#### [Task objective]
Everything from the line that has "Monday Blessings 2023" to the last line of the listing must be repeated exactly, and nothing more; omit the pictures.

#### [Supplied material]
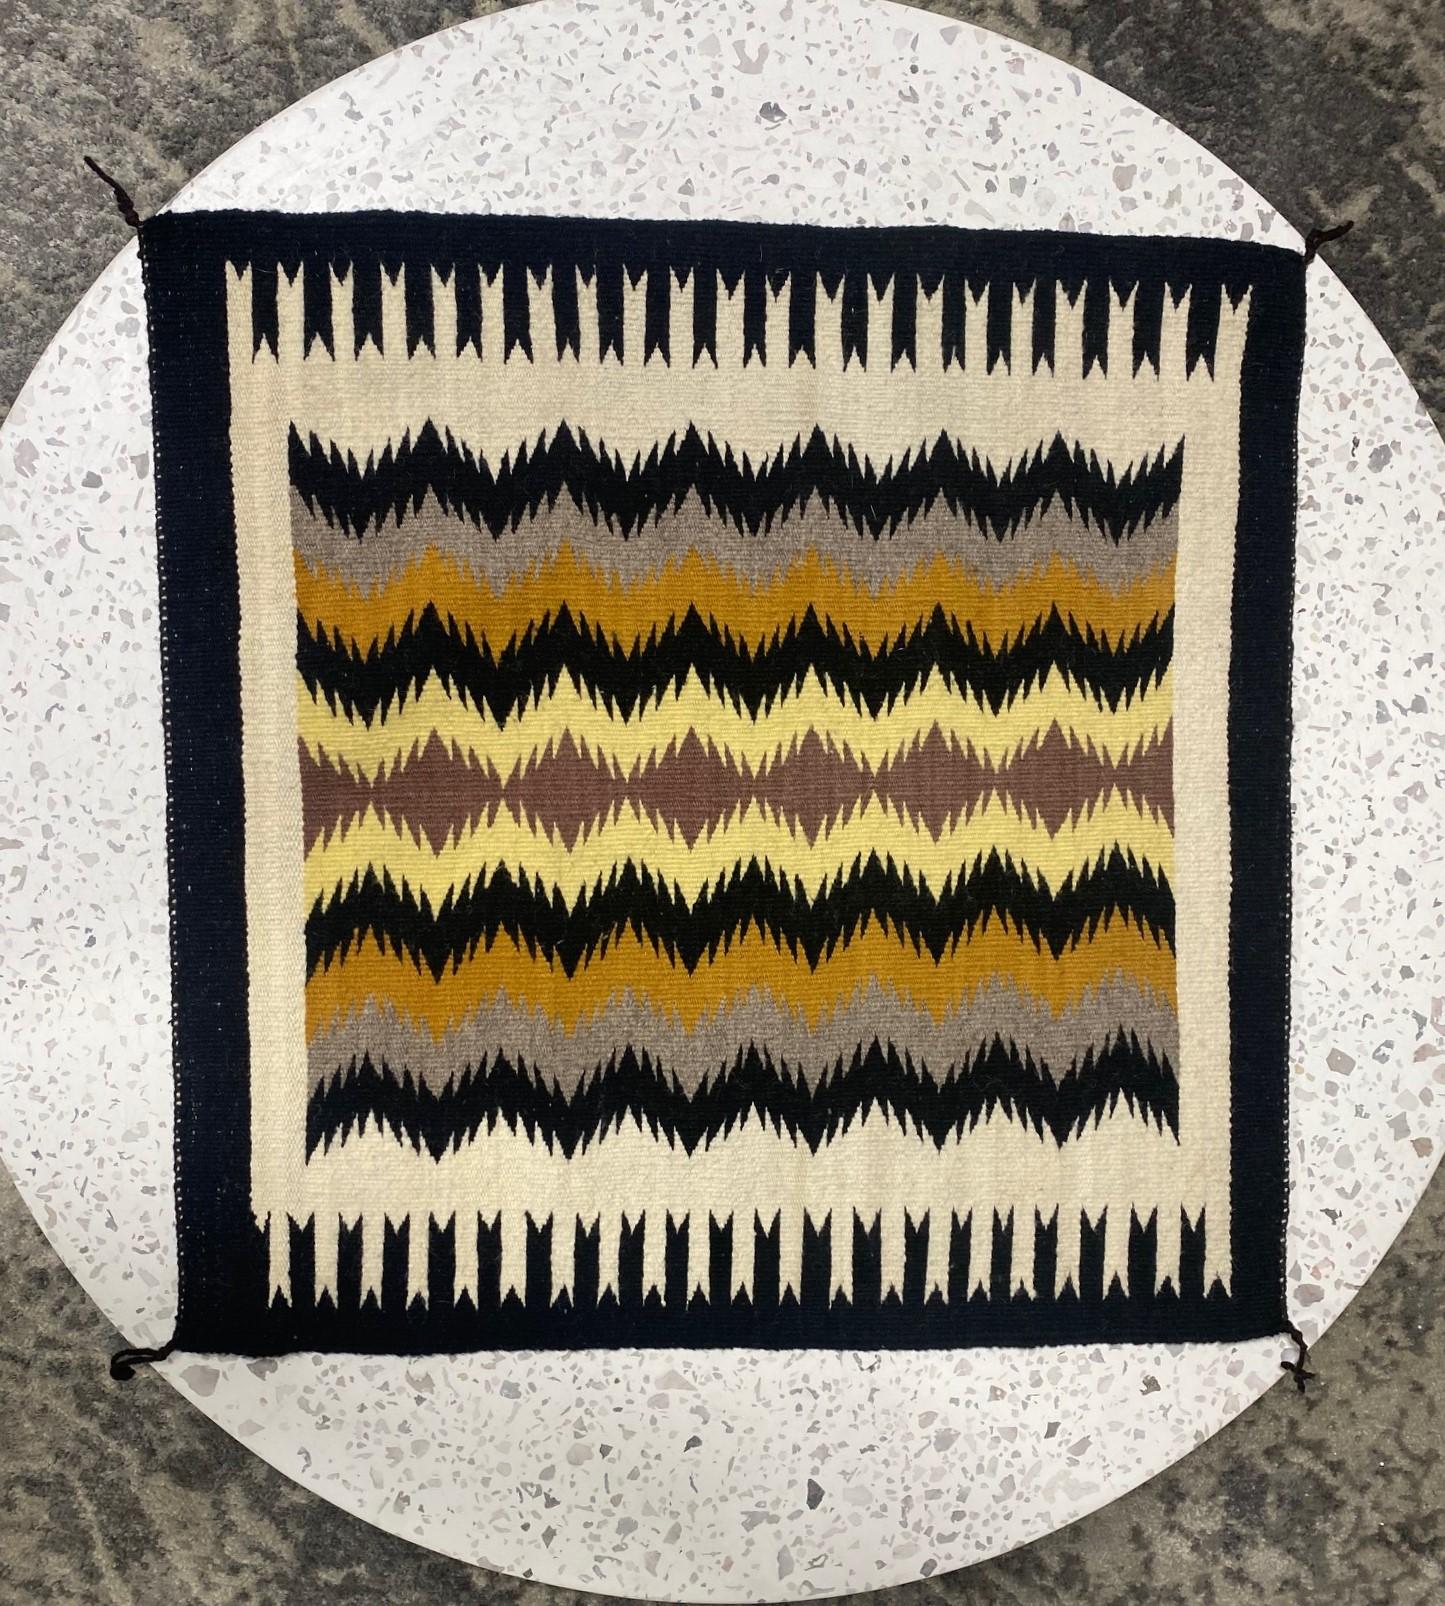 A nicely woven wool mat/rug in a geometric pattern which the Navajo tribe is famed for. In fantastic vintage condition. Originally acquired some years ago and placed in storage for good keeping. From a large collection of Native American artifacts
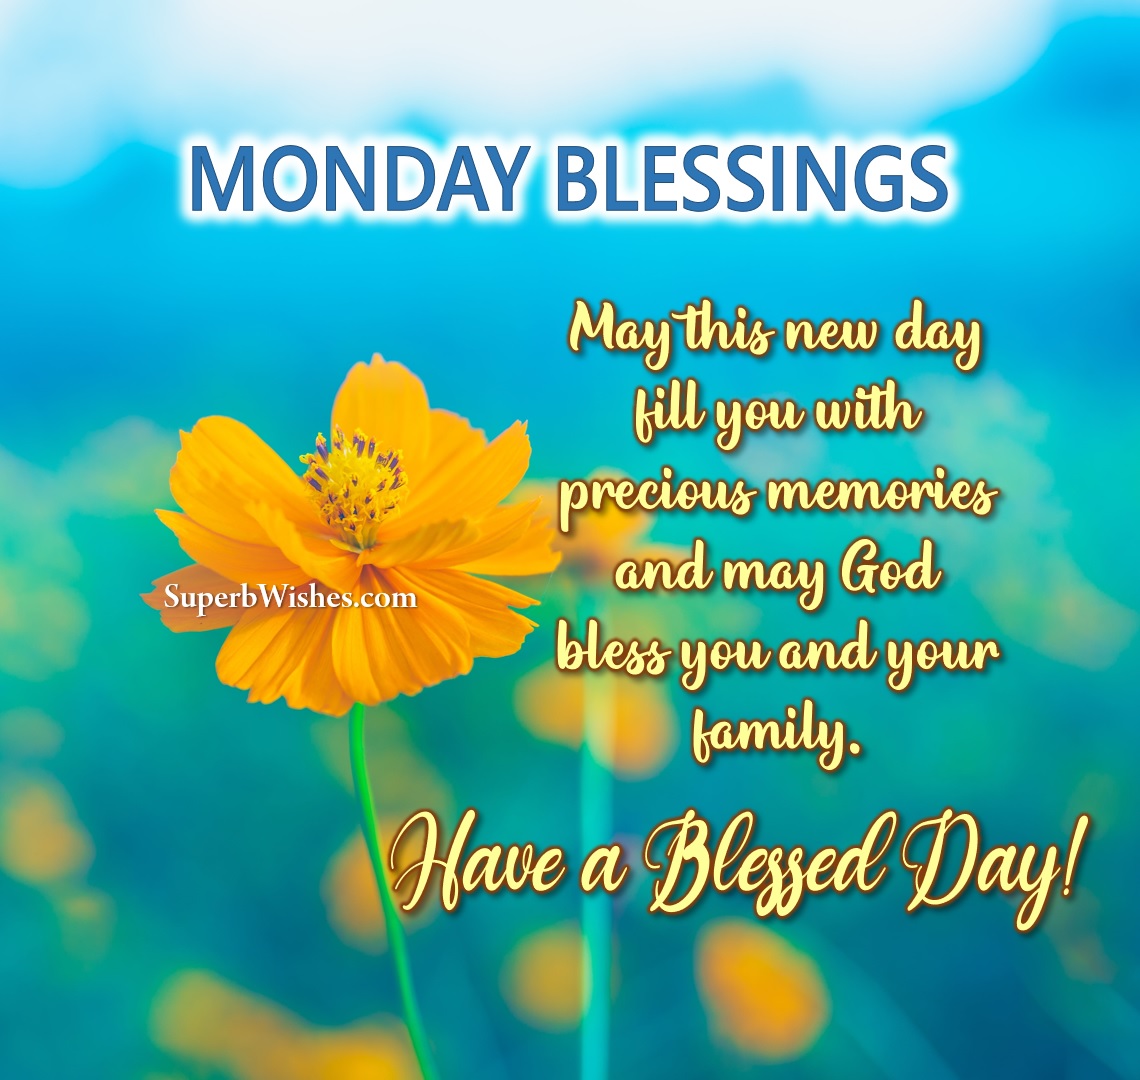 Monday Blessings 2023 Images - May God Bless You | SuperbWishes.com
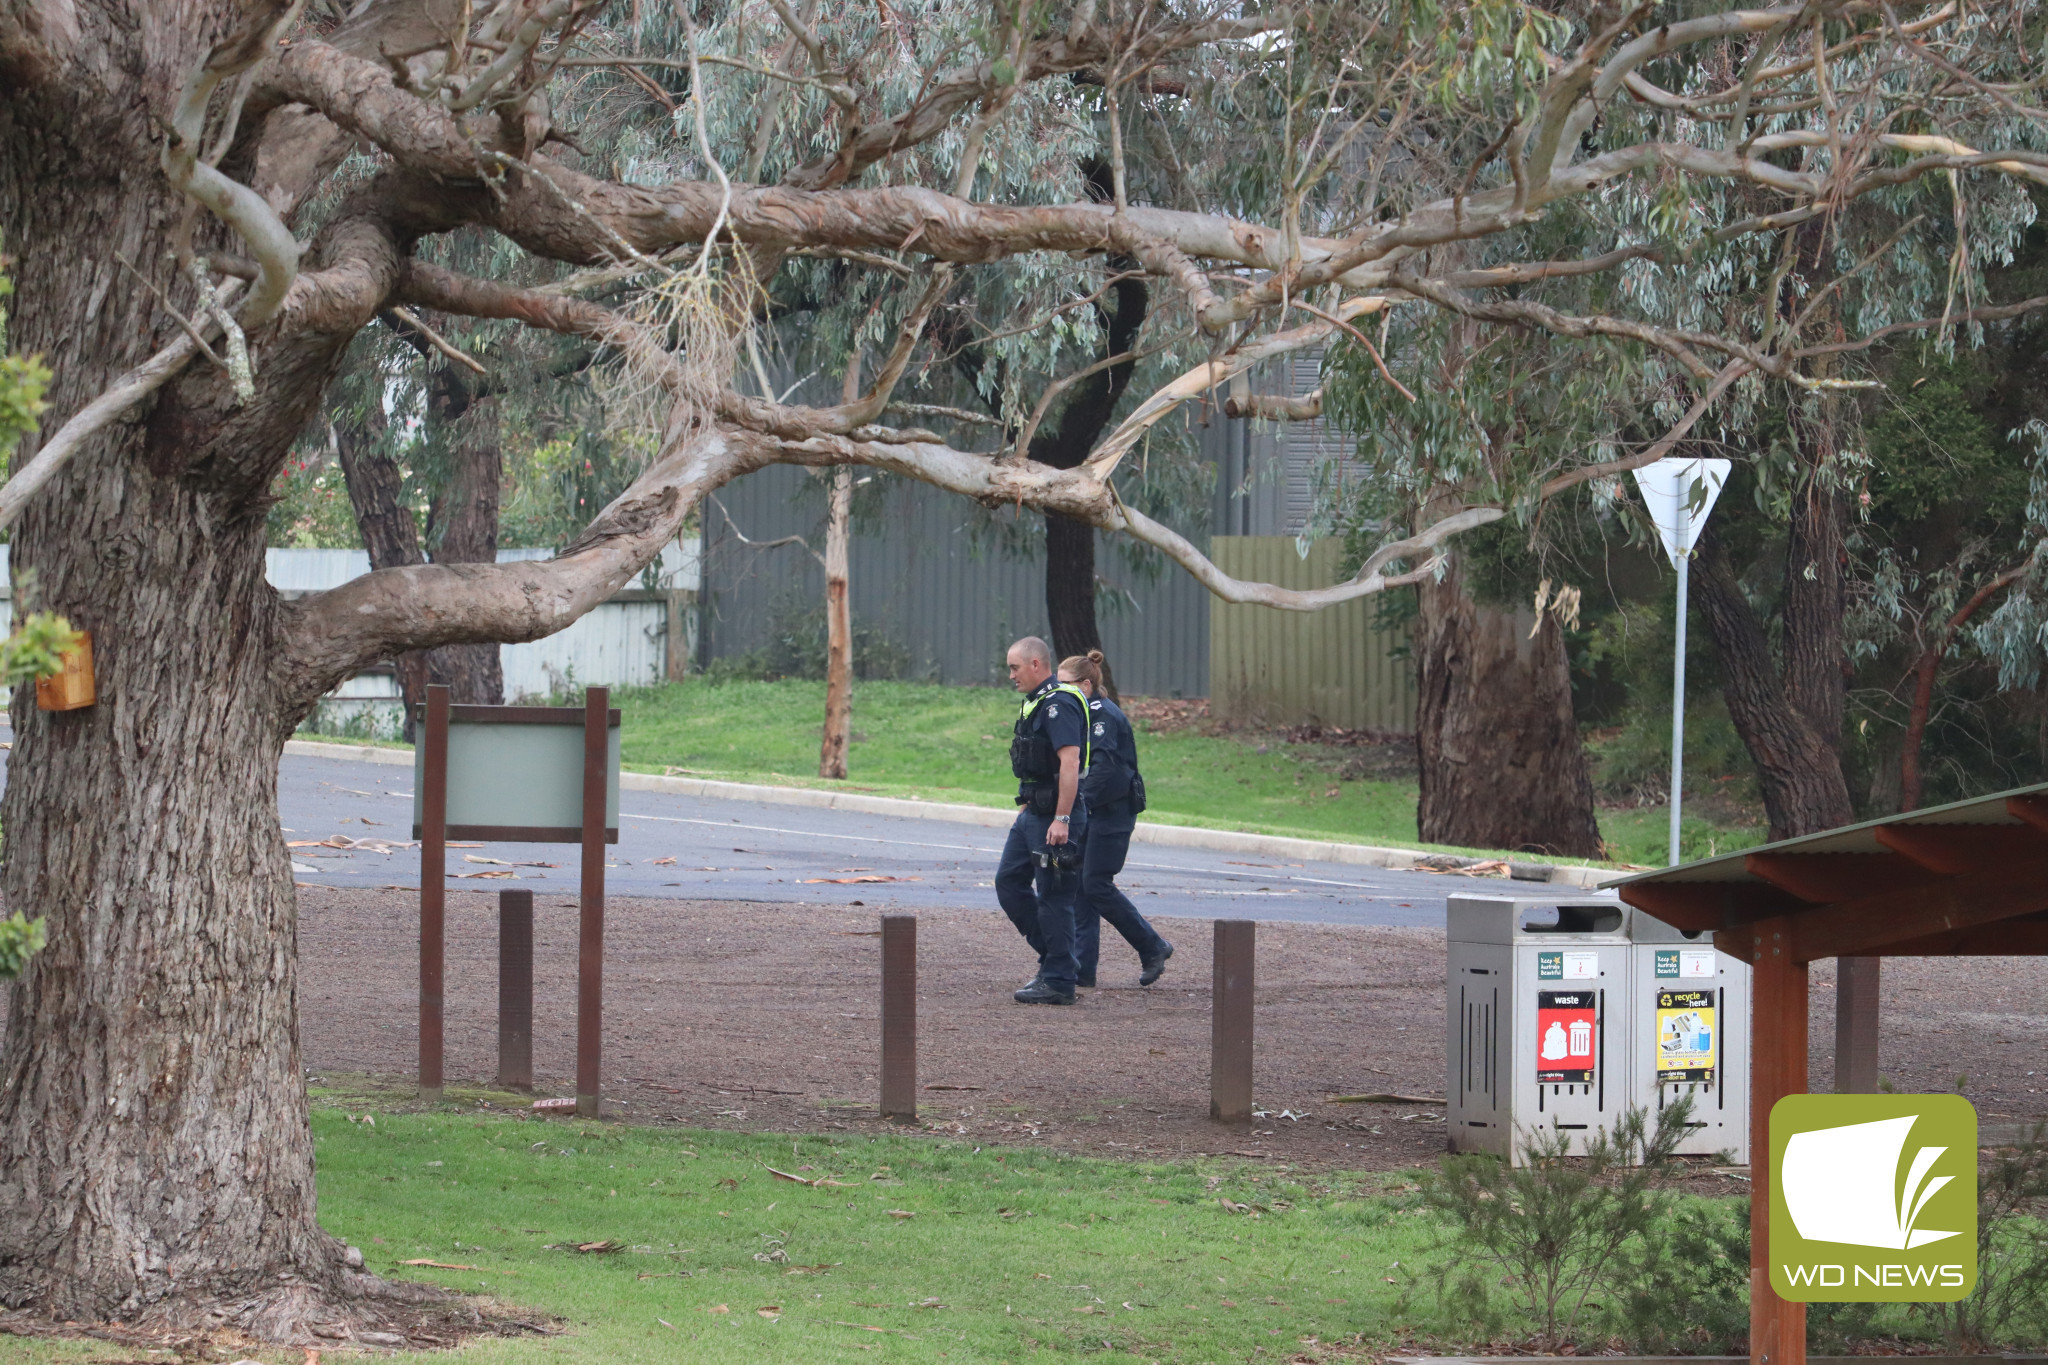 Police cordoned off a section of Cobden, with Air Wing also called in to locate an alleged offender after a shooting.

#### [Response to the exercise]
 Monday Blessings 2023 Images - May God Bless You | SuperbWishes.com
 Police cordoned off a section of Cobden, with Air Wing also called in to locate an alleged offender after a shooting.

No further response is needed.